* Exercise data
◆ ◆ ◆ ◆ ◆

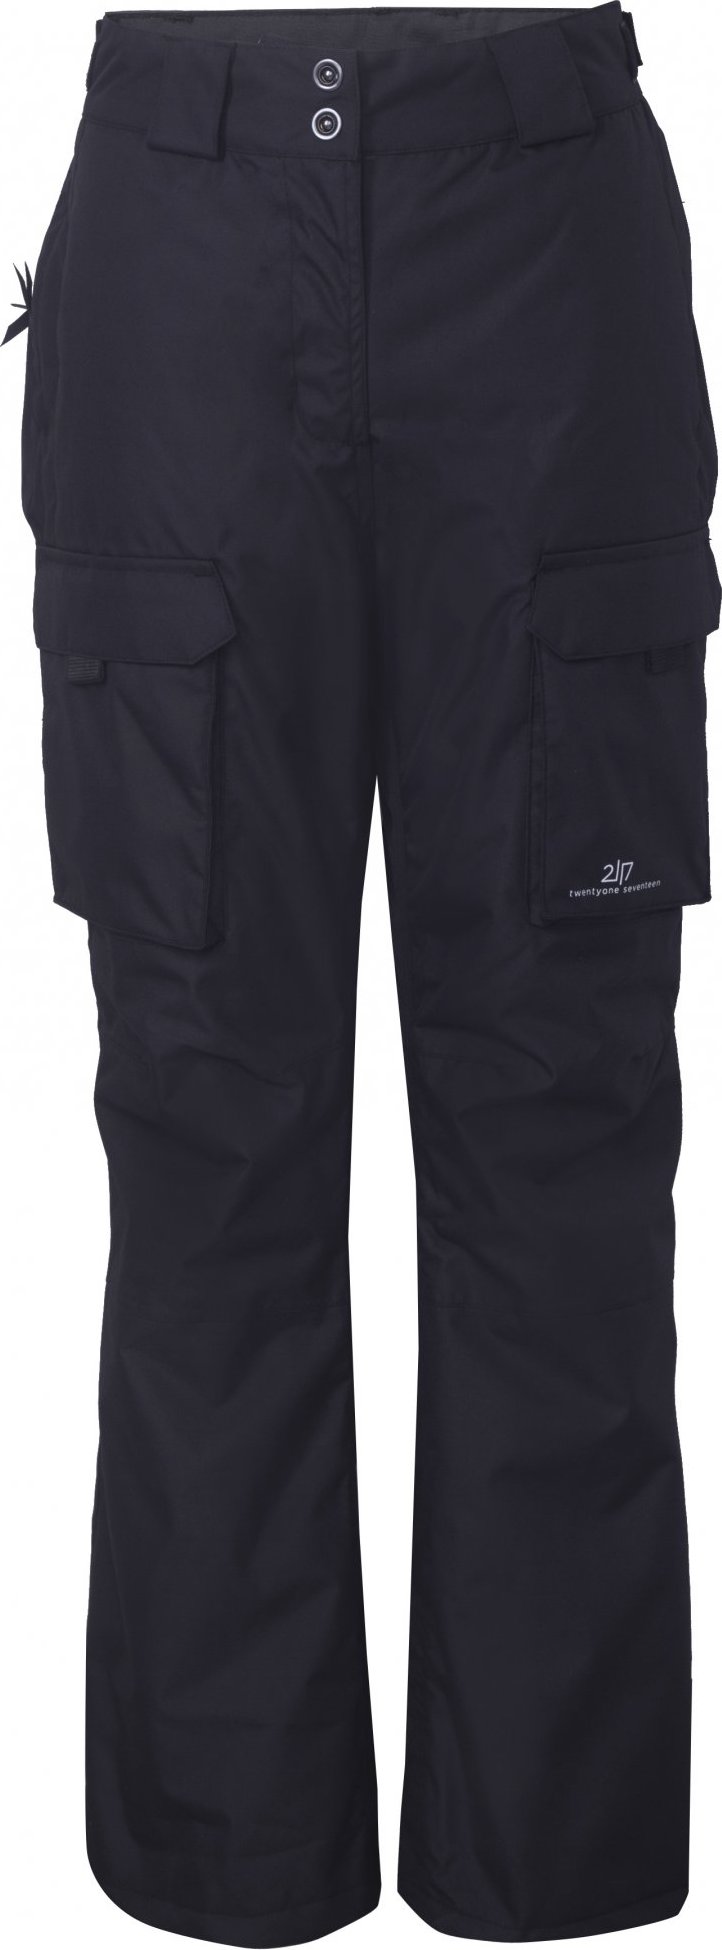 Dámské lyžařské kalhoty 2117 Tybble Eco černá Velikost: L
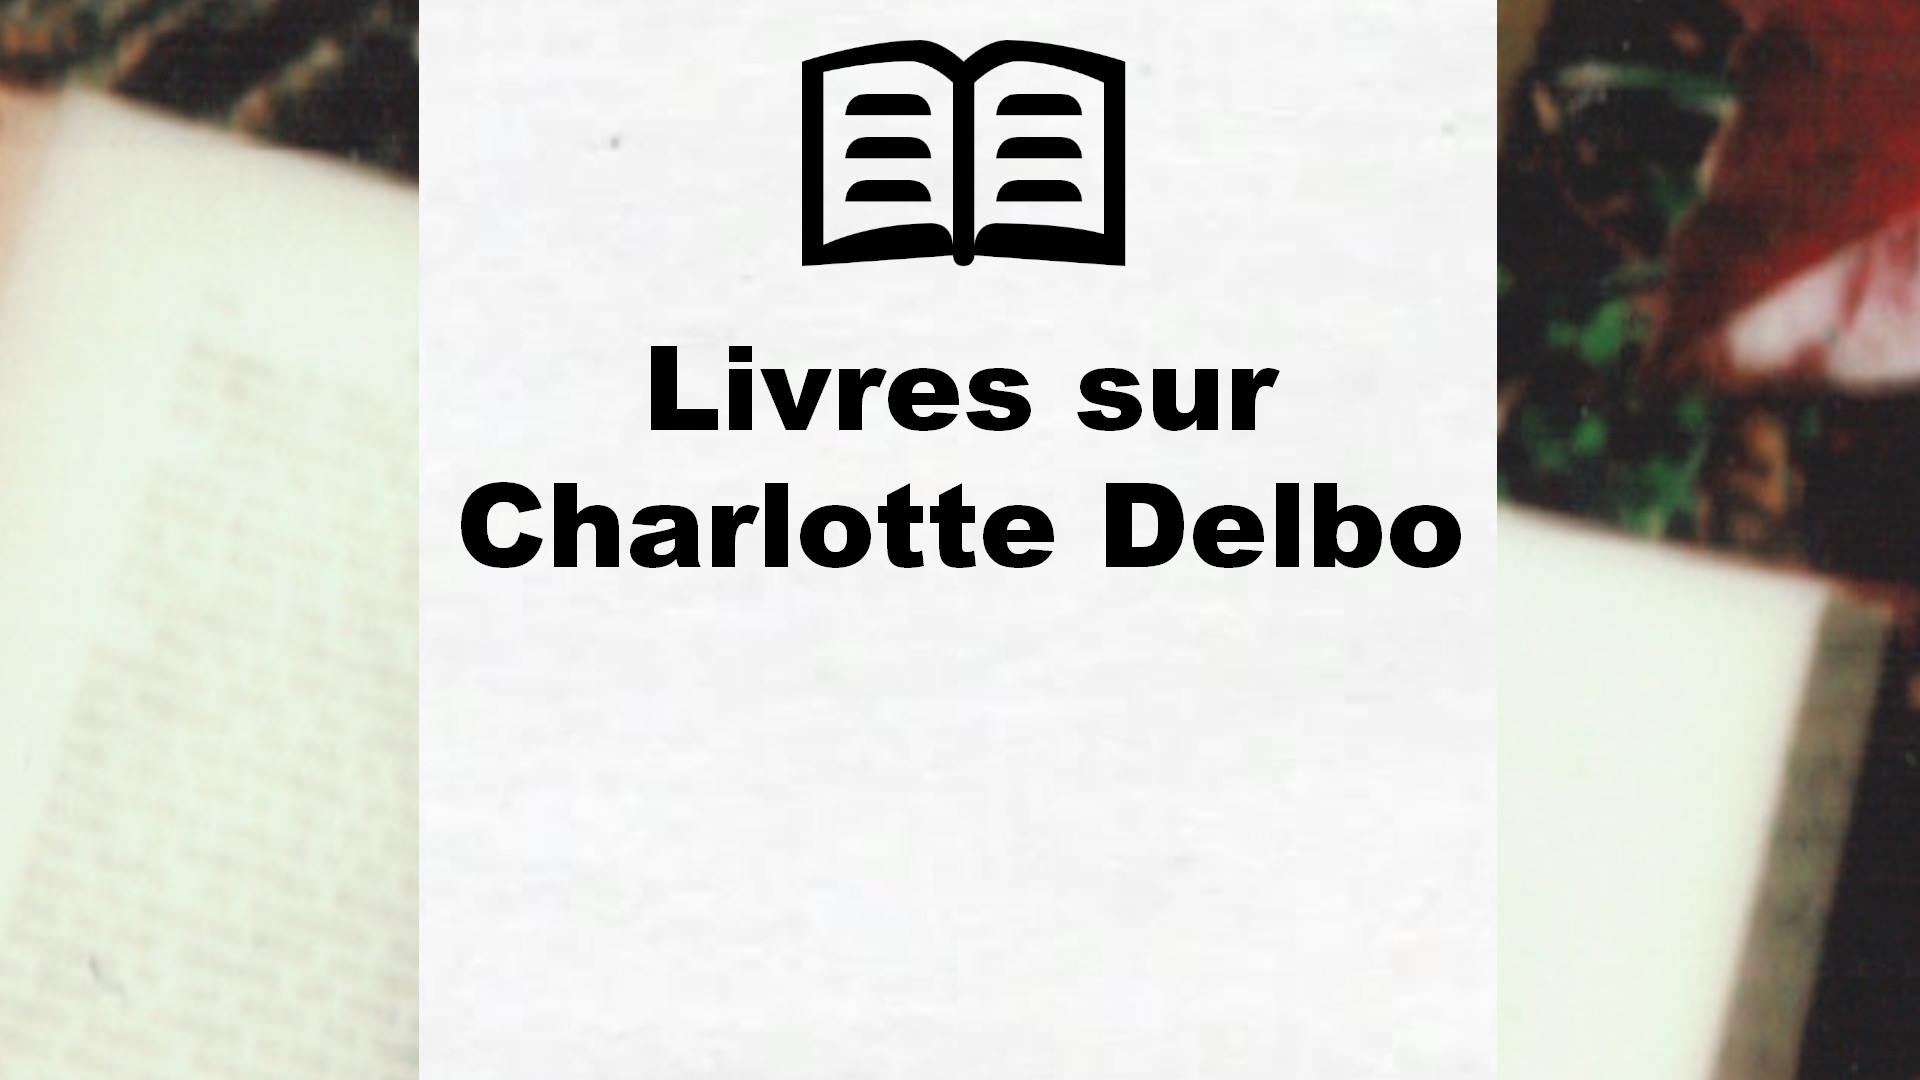 Livres sur Charlotte Delbo
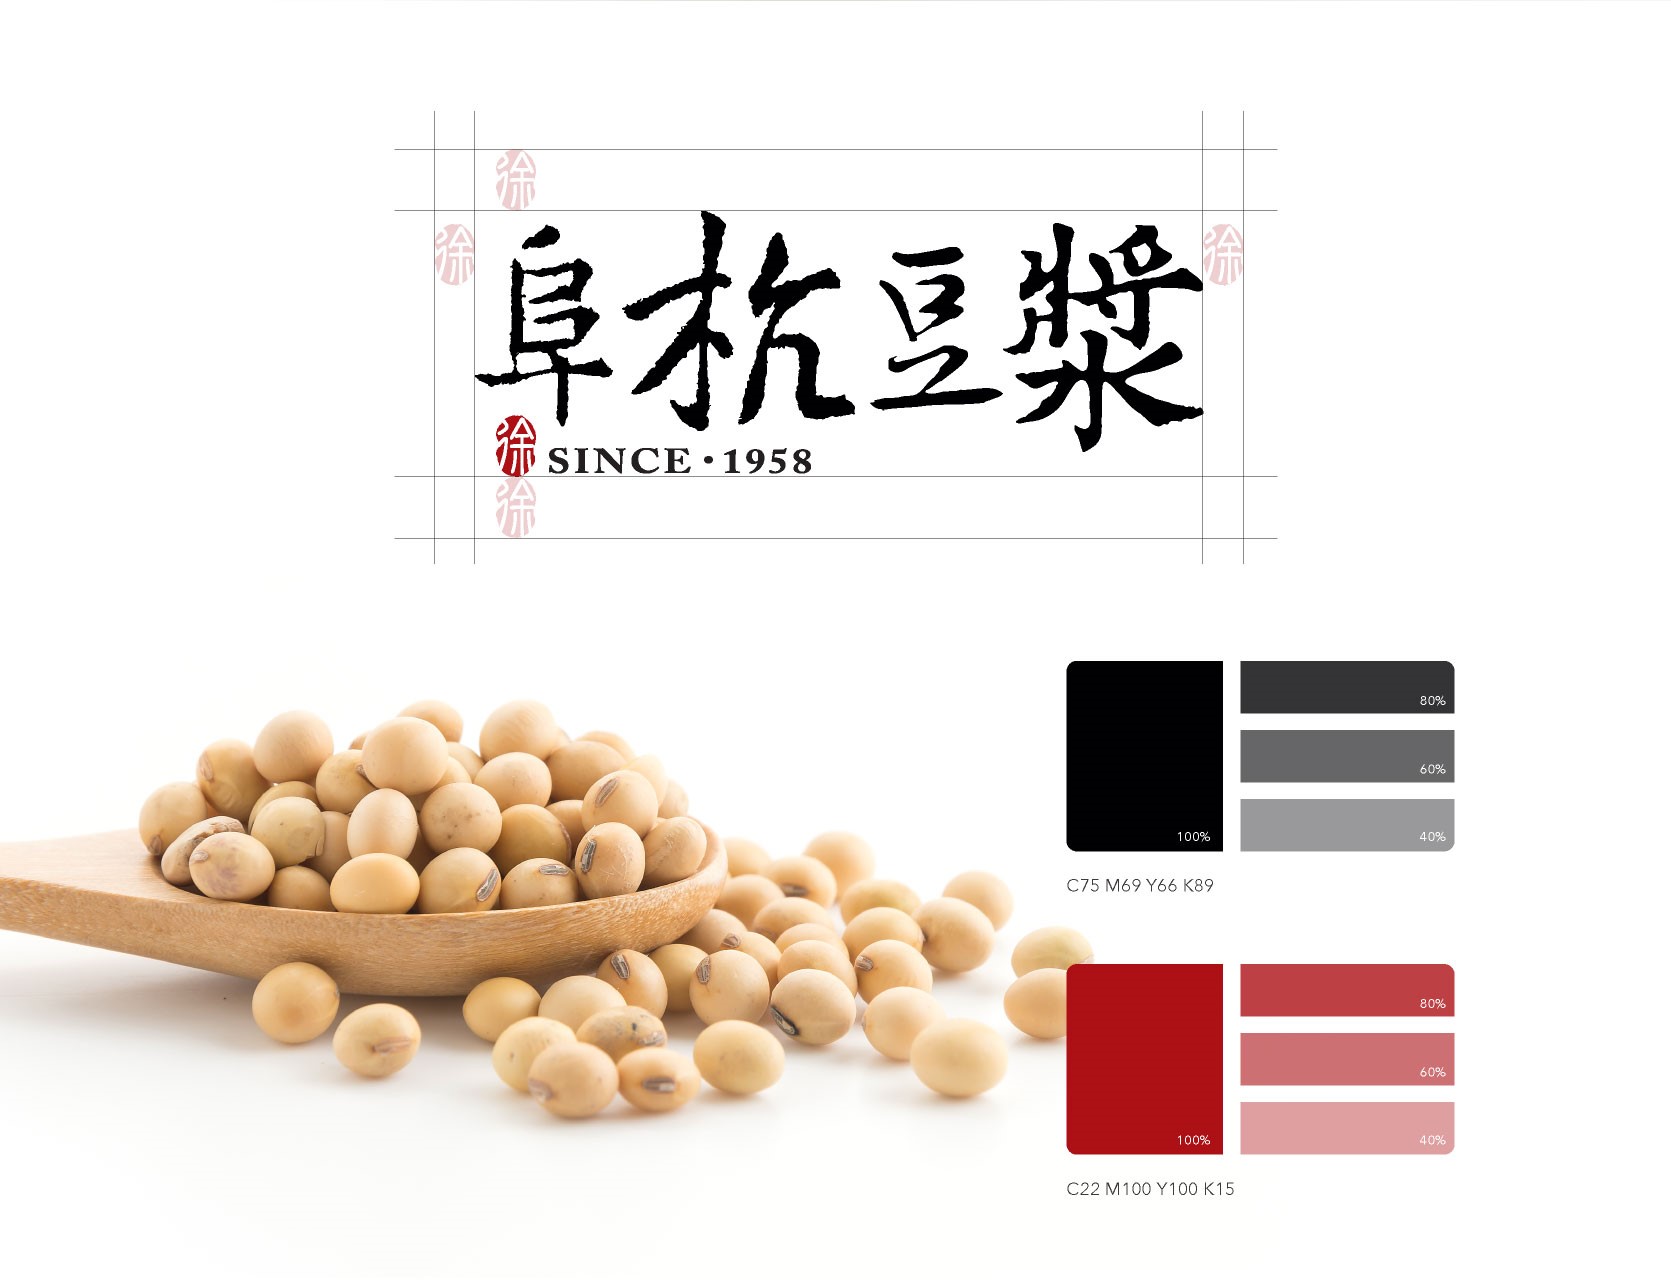 阜杭豆漿 品牌形象重整規劃設計

◆ ◆ ◆ ◆ ◆

* Aim of the exercise
Restate the listing word for word. Pictures do not belong in the copy.

* Your solution
 Dámské lyžařské kalhoty 2117 Tybble Eco černá Velikost: L
 Livres sur Charlotte Delbo
 阜杭豆漿 品牌形象重整規劃設計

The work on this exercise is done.